To find all integers $n > 1$ for which $(n-1)!$ is a zero-divisor in $Z_n$.

To find all integers $n > 1$ for which $(n-1)!$ is a zero-divisor in $\mathbb Z_n$. (Gallian Problem)

$\mathbb Z_n$ does not contain any zero divisors when $n$ is a prime number. So we look at the composite numbers.

For $\mathbb Z_4$ we have $(n-1)!$ as $3! =6$ which is equal to $\bar 2$ and it is a zero divisor.

For $\mathbb Z_6$ we have $(n-1)!$ as $5! =120$ which is equal to $\bar 0$ and it is not a zero divisor.

For $\mathbb Z_8$ we have $(n-1)!$ as $7! =5040$ which is equal to $\bar 0$ and it is not a zero divisor.

We Know if $n$ is composite, then $n$ divides $(n-1)!$ when $n \geq 6$.

Thus the only $n$ for which $(n-1)!$ is a zero-divisor in $\mathbb Z_n$ is $n =4$.

Is the solution correct?

Solution 1:

0 is a zero-divisor.
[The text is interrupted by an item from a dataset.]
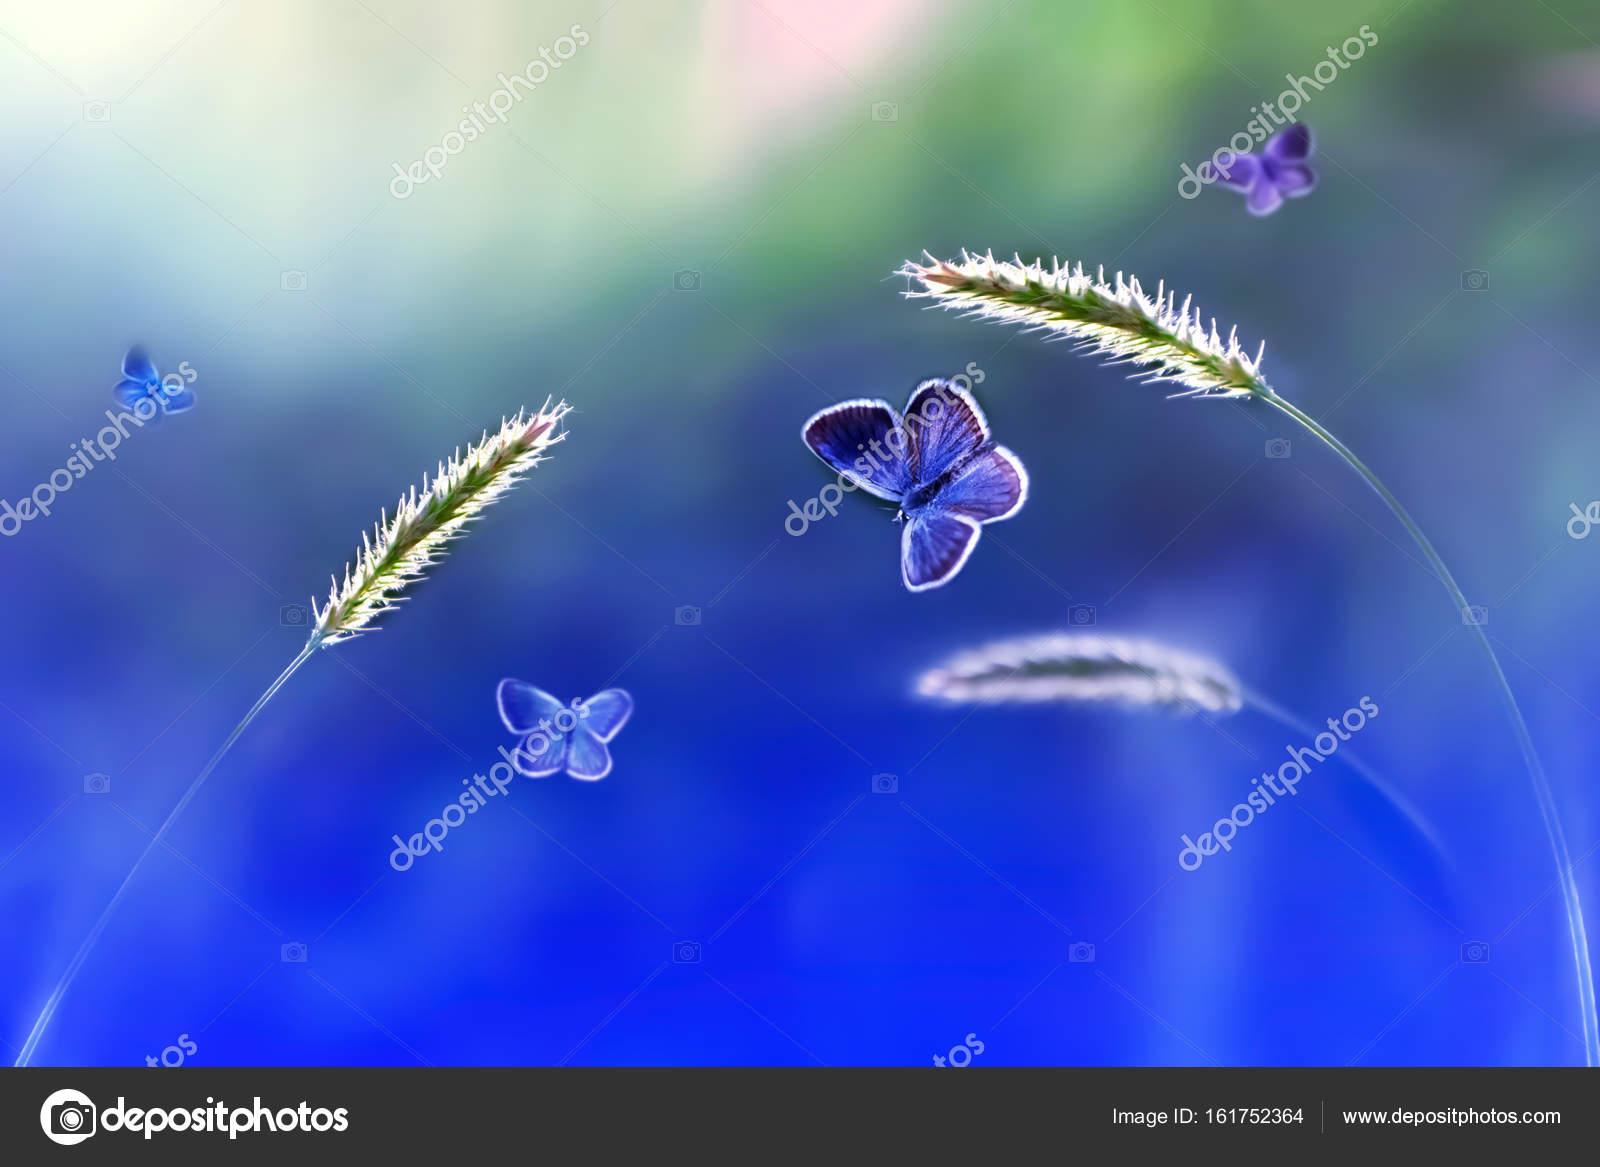 Motyle W Locie Na Tle Dzikiej Przyrody W Odcieniach Błękitu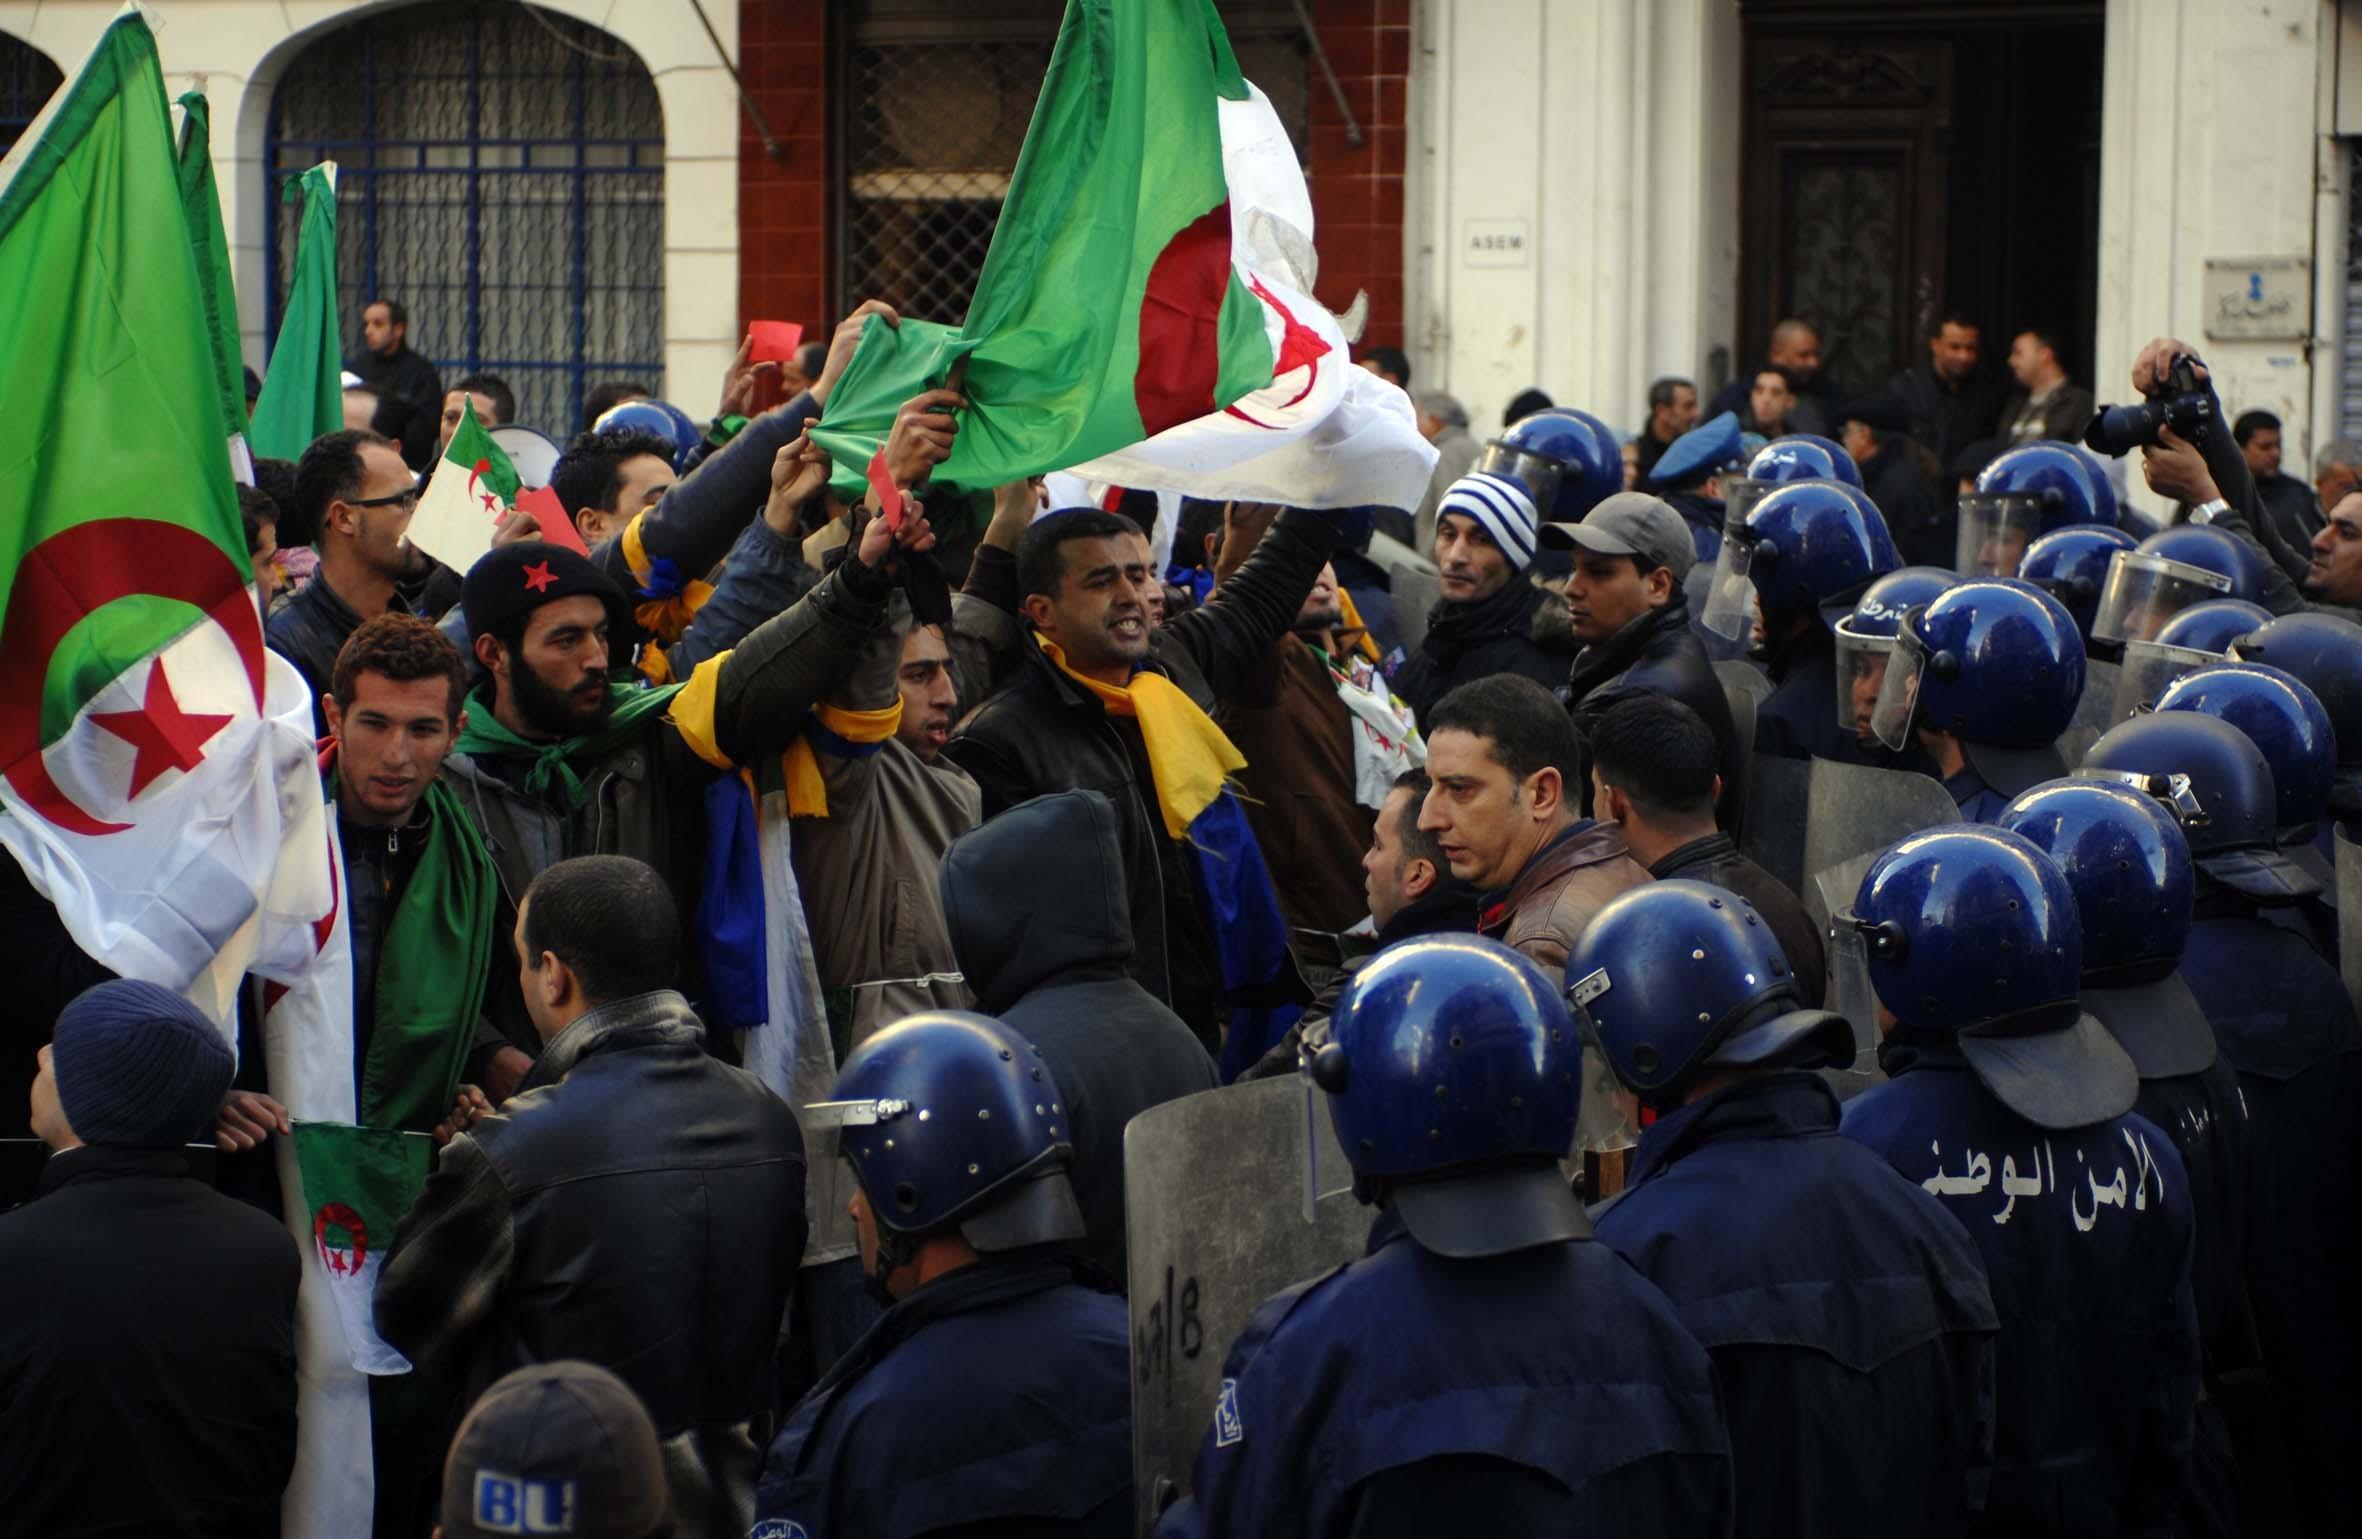 الجزائرـ الصحافة الدولية تؤكد قوة التعبئة في مسيرات الجمعة 26 — TSA عربي

This means that the statement is true for every composite number by a similar argument to yours. (Reply to comment below: I looked it up on Wikipedia. Appearantly different sources use different definitions. Annoying)

If you change the question to involve non-zero zero divisors, your solution is correct.

However, you may be asked to prove "We Know if n is composite, then n divides (n−1)! when n≥6." It is true, but can you prove it?